I'm not trying to pull a New York Times-style "Internet Scare" move here: I realize that the damsel-in-distress gambit is one of the oldest and most successful meatspace scams around. The Internet has simply made the scam much more effective, for the same reasons that spam is more effective than traveling salesmen: the pitch can be delivered to millions at a time, and the shill is protected from discovery and accountability by his or her physical remoteness.

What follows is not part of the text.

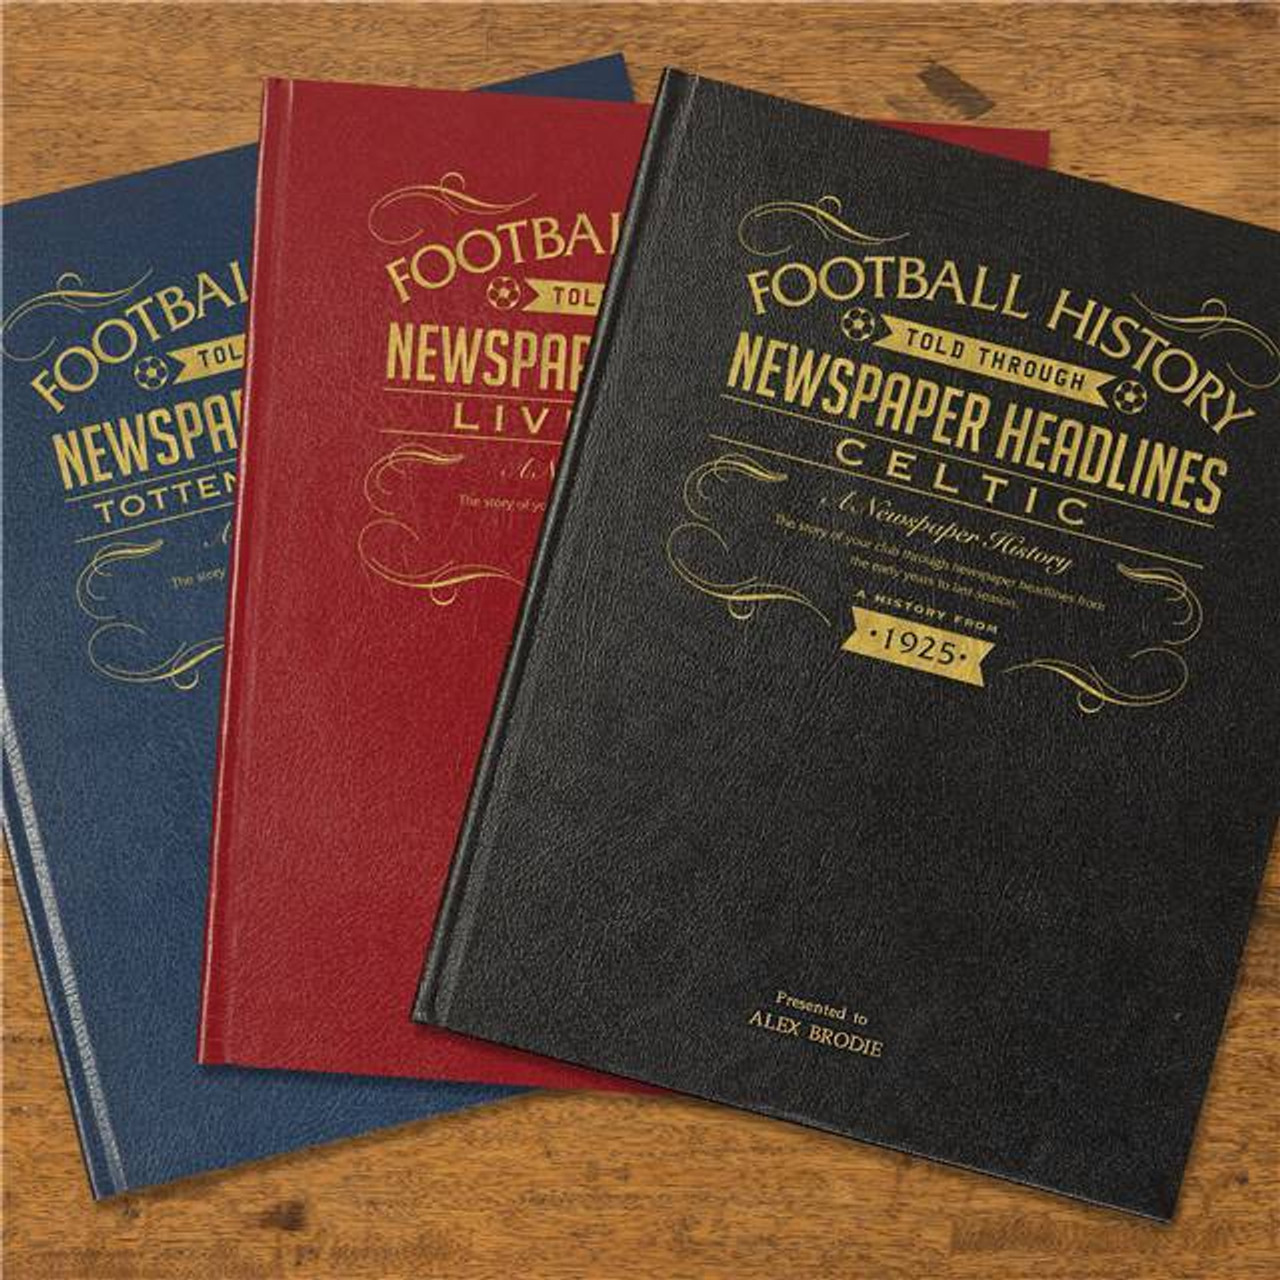 Football Newspaper Books
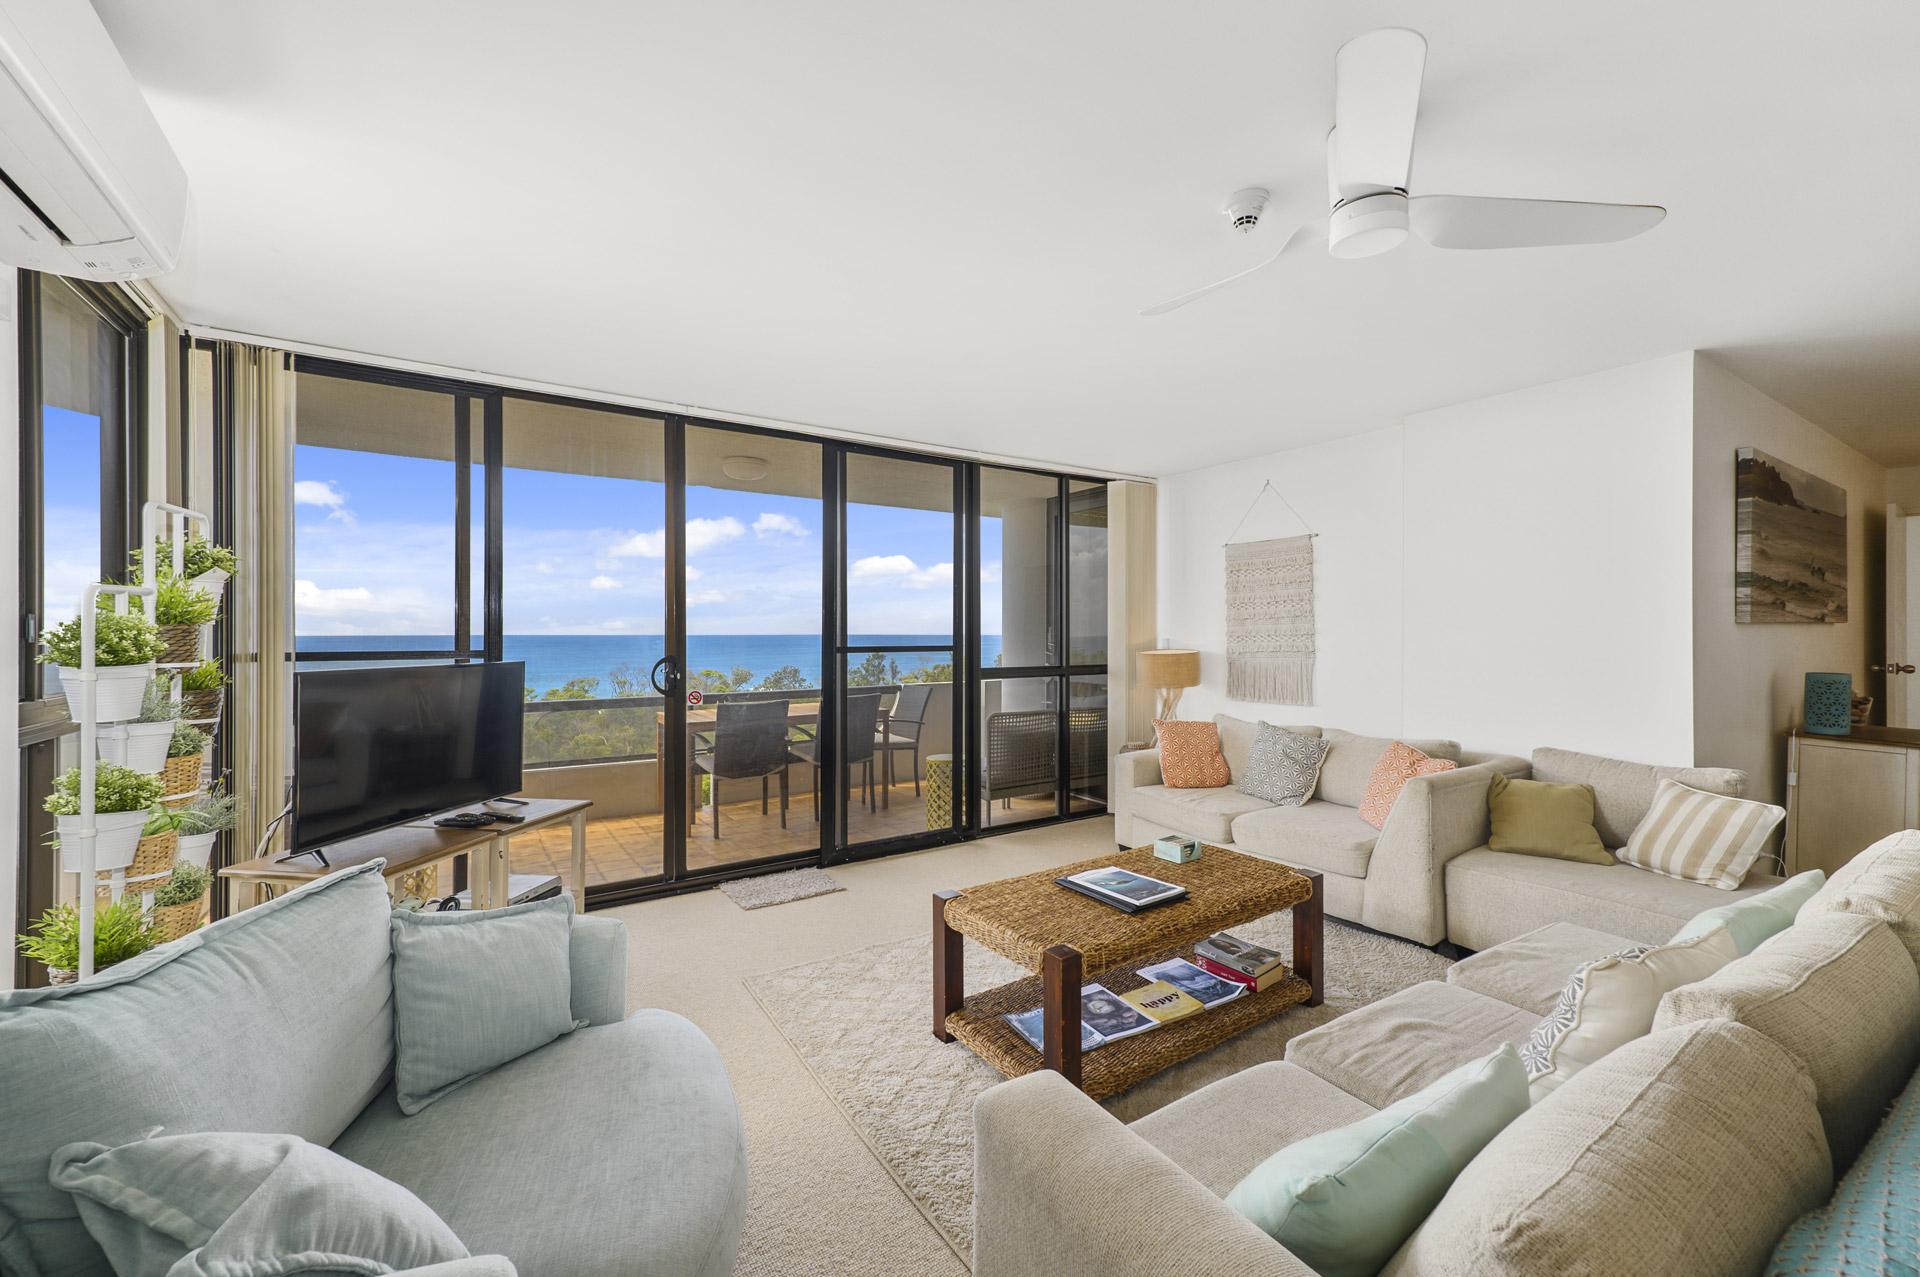 2-bedroom-ocean-view-apartments-802-11

For this reason, I expect to see a lot of lonelygirl15-style marketing in the future. The marketers will probably employ real models and actors (witting or unwitting) for their photo and video content. We will see a convergence of the email spam scam, the "reality" TV show, the virtual pop star, the fraudulent personal ad (see the recent Craigslist sex post controversy), blogger payola, astroturfing, and buzz marketing in this new hybrid form of fraud. It will be employed for rip-and-run attacks (identity theft, credit card fraud), product marketing, blackmail, malicious humiliation, political smears, and most insidiously, slow infiltration of people's private lives for surveillance and consumer profiling. Its effectiveness will depend on exploiting people's compassion, loneliness, curiosity, and friendliness. And it will produce a society of scarred, embittered, suspicious human beings.
I've written before about the plastic nature of identity on the Internet and the willingness with which young people compromise their privacy online; both of these topics have been flogged to death by better writers than I. But it seems to me that the road from Mahir to lonelygirl15 is a particularly poignant allegory for the Internet's loss of innocence: the transformation of the Internet celebrity hoax from light-hearted joke to annoying publicity-grab to calculated marketing ploy.